This is a developing story. It will be updated with more information about casualties of the Russian attack on Kharkiv as soon as Gwara Media receives it. 

Update from 5:21 p.m.: Kharkiv Mayor Ihor Terekhov reports that the number of casualties of the Russian bombardment of Kharkiv rose: the attacks through the city killed at least three, and injured 24 people. Rescue operations at the impact sites are ongoing. According to preliminary information, he says, Russians hit the residential neighborhoods of Kharkiv with eight FAB-250 glide bombs.

Terekhov adds that 82 people lived in the destroyed entrance to a nine-story building hit by the Russian glide bomb. Rescuers are trying to establish connection with them to figure out if there are people trapped under the debris.

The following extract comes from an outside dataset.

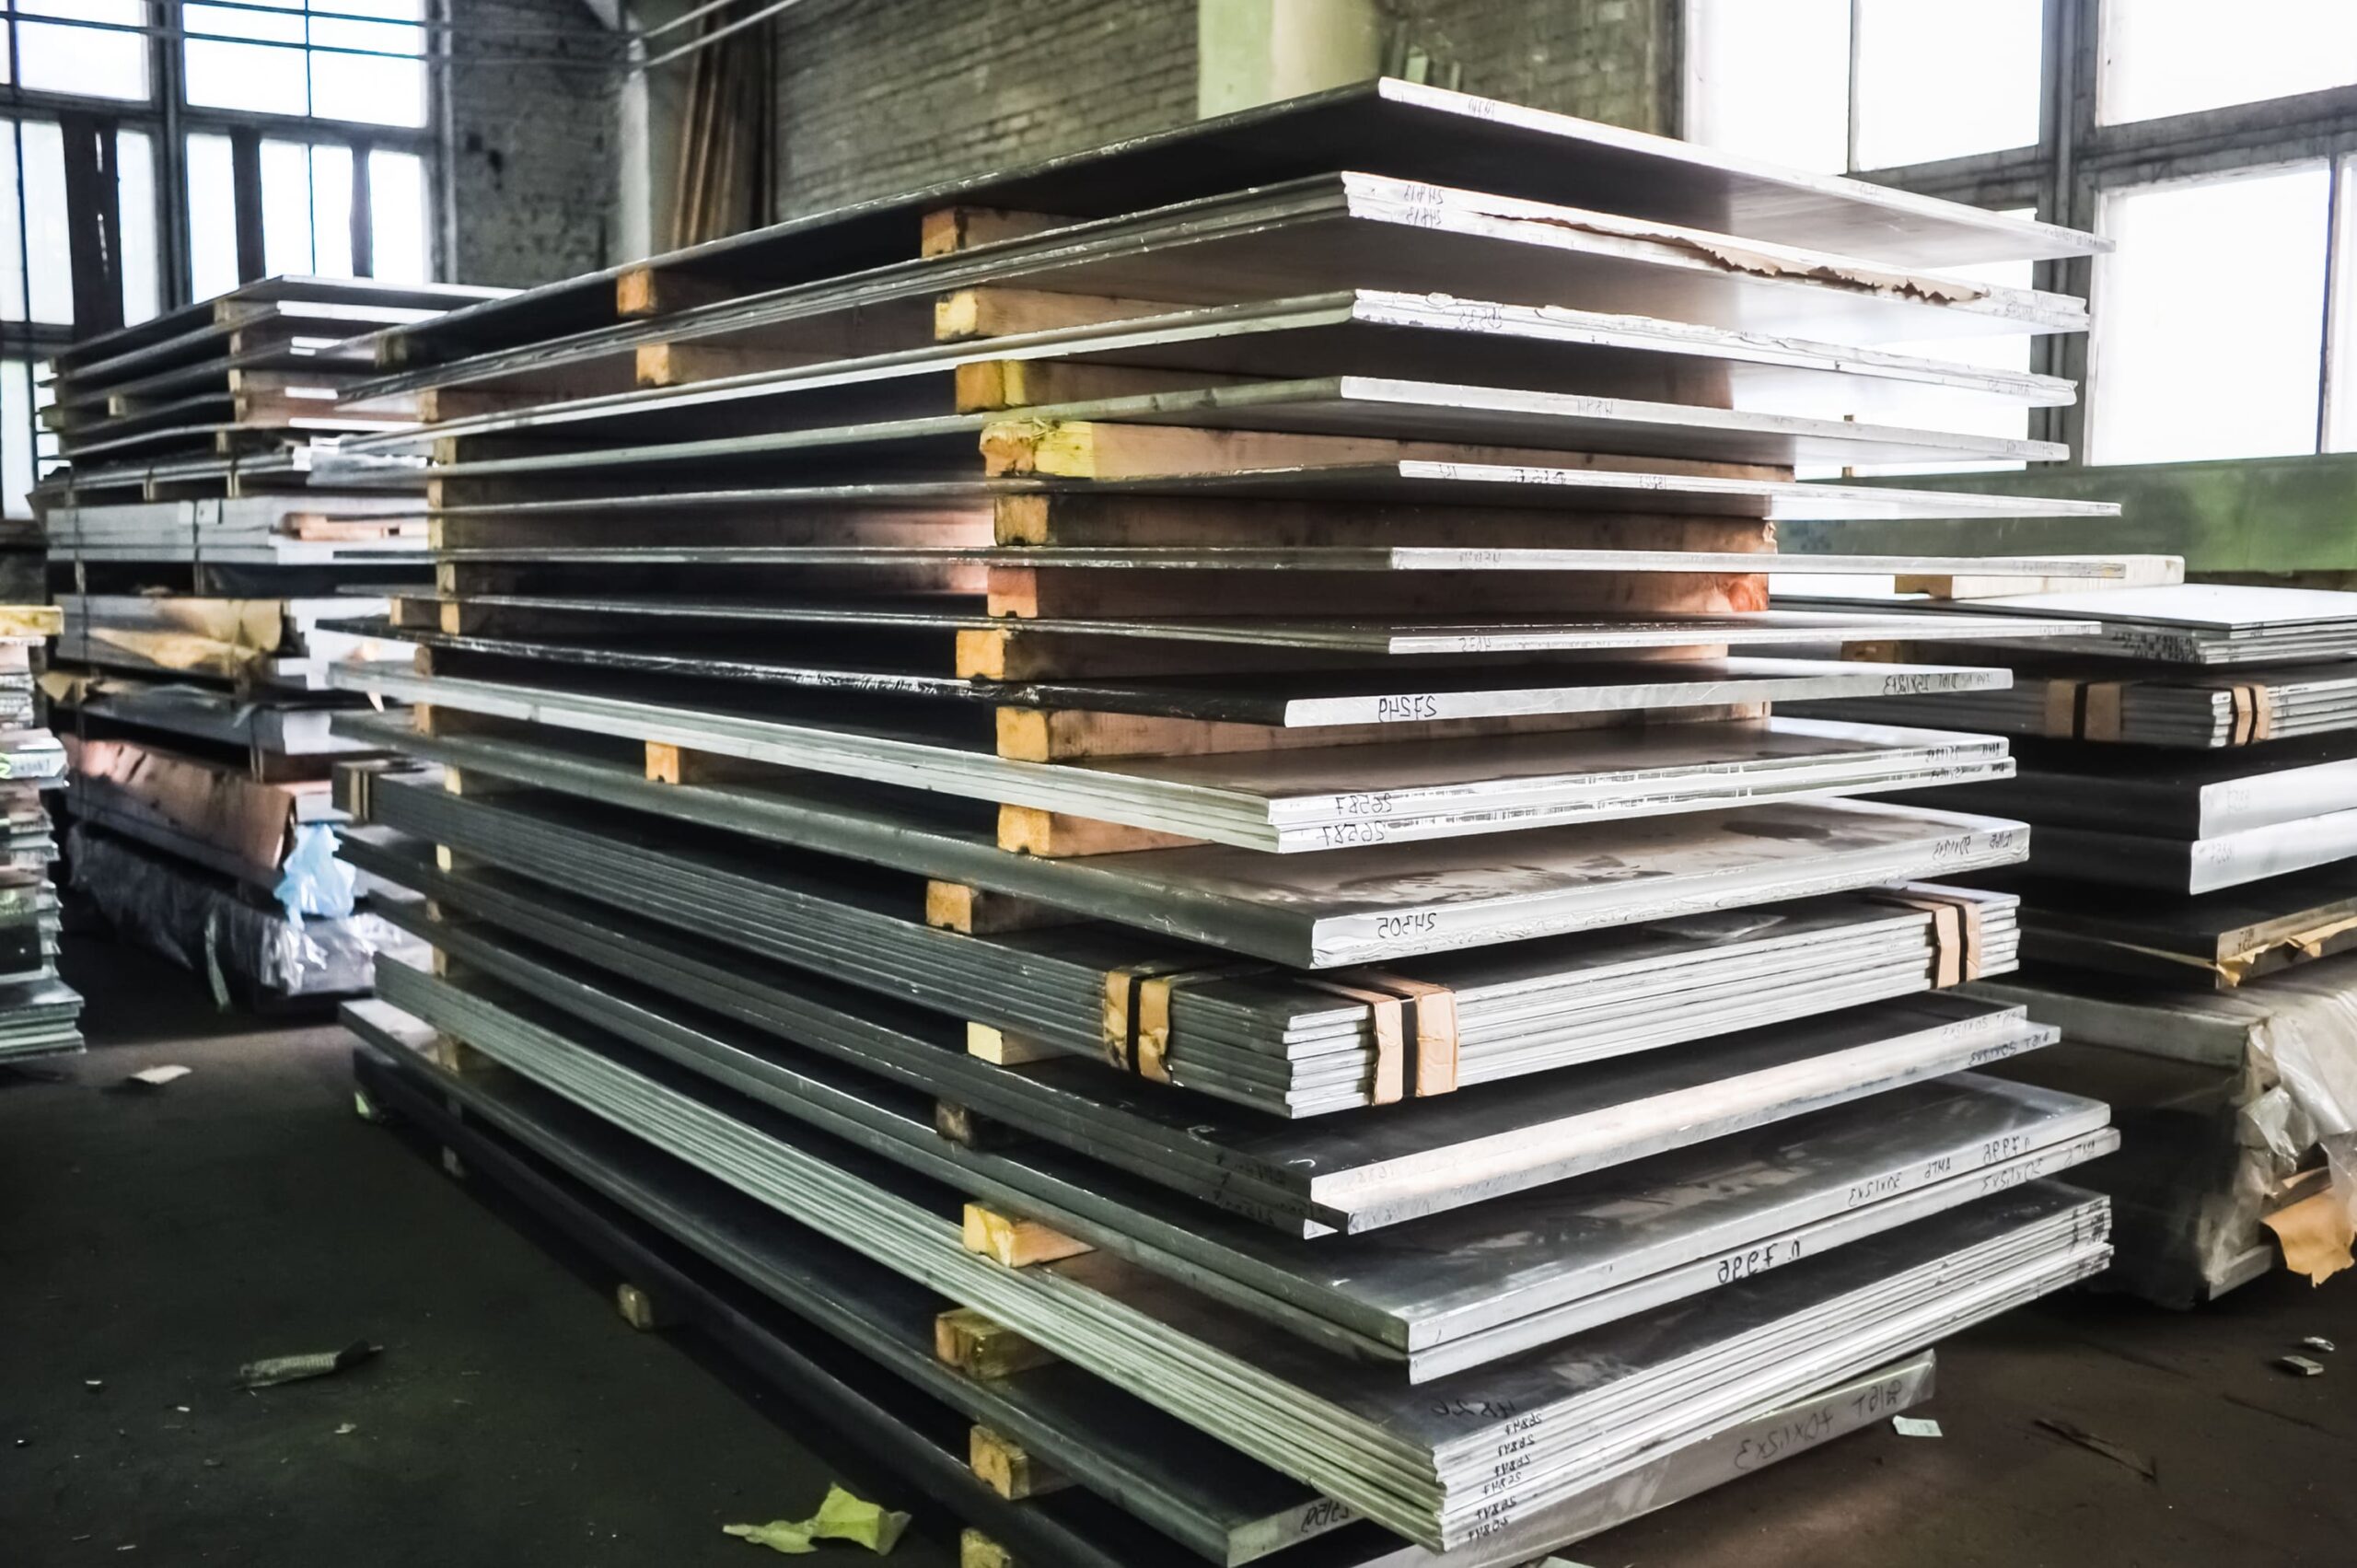 Sheets of steel stacked high, a variety of widths

UKRAINE, KHARKIV, Sep 24 — During the day, Russia attacked at least four districts of Kharkiv with glide bombs, with one of them hitting a high-rise apartment building in the Kyivskyi district of the city. The attack killed at least three people, and injured 22, reported Oleh Syniehubov, Kharkiv Oblast governor. 

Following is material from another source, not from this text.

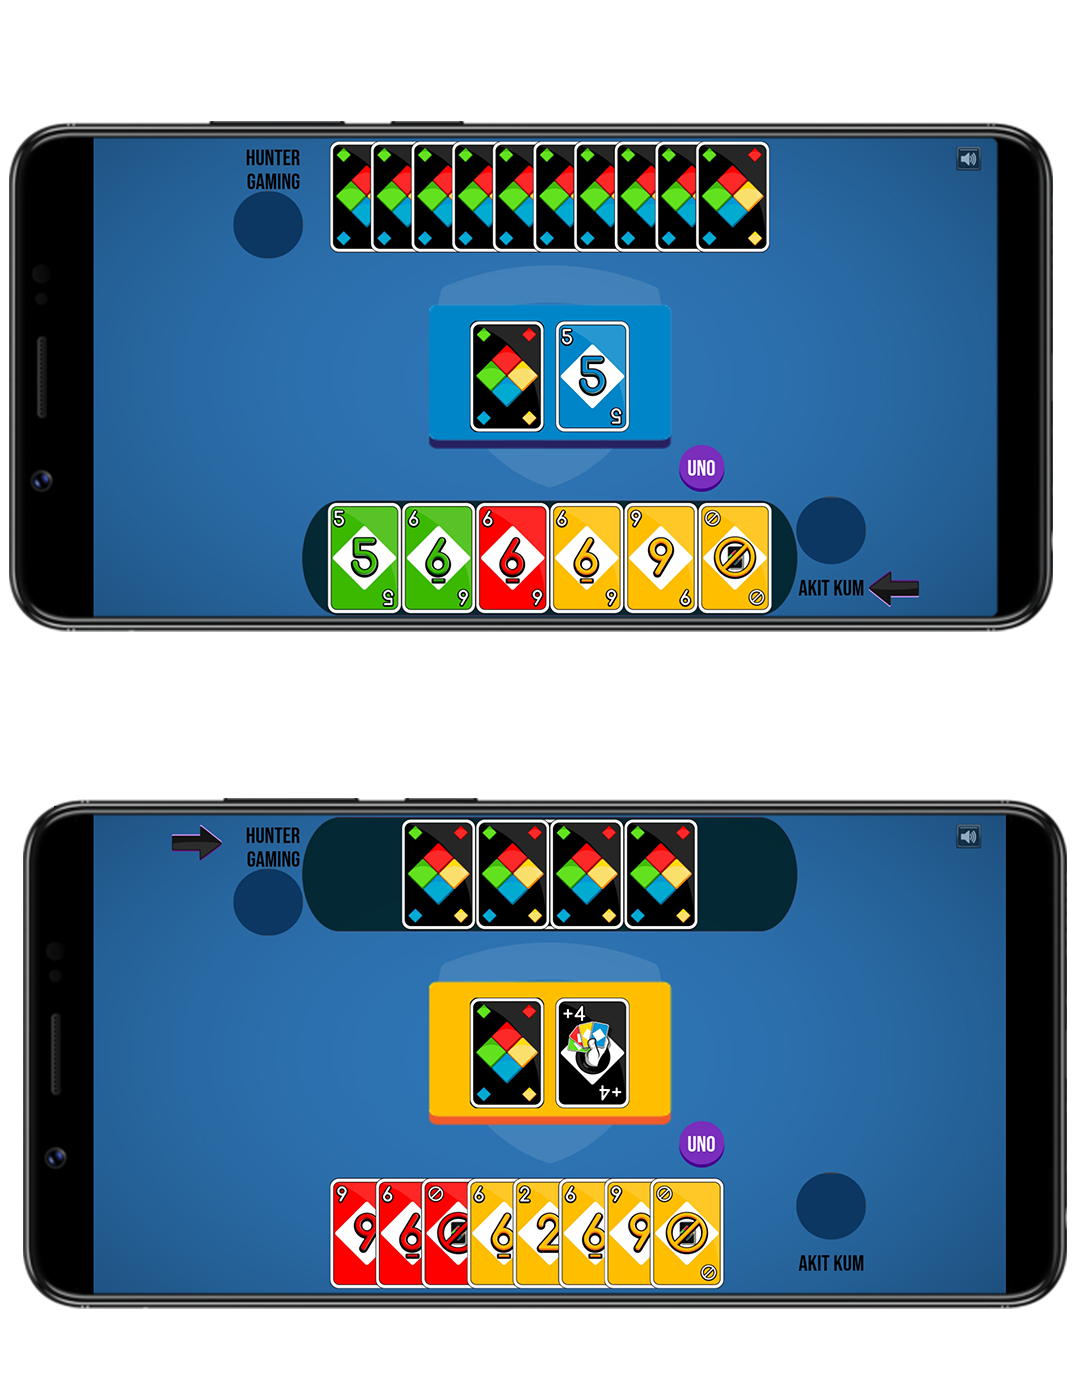 How to develop a game app like UNO & how much does it costs?

Russia attacks Kharkiv, Ukraine’s second-city, often because of the city’s proximity to the Russian border and the frontline. 

Syniehubov adds that people might be trapped under the debris of a high-rise building. 

At about 4:00 a.m. today, Russia attacked the city too, utilizing, in particular, a Tornado-S multiple rocket launcher system to strike the city. The missile hit the ground in a residential quarter. 

High-rise residential building in Kharkiv, damaged by direct hit of a Russian glide bomb / Source: Ihor Terekhov's telegram channel
High-rise residential building in Kharkiv, damaged by direct hit of a Russian glide bomb / Source: Ihor Terekhov’s telegram channel

Stopping Russian airstrikes launched from across the border is one of Ukraine’s biggest challenges in the war because of restrictions on hitting jet launchers inside Russia with America-supplied long-range munitions (like Army Tactical Missile Systems, or ATACMS.)

Washington Post, referring to their sources in the White House and U.S. Defense Department, wrote that “officials say that they have not heard a convincing argument from Ukrainian leaders that the possible targets within missile range in Russia would make a significant difference in Ukraine’s path to victory.”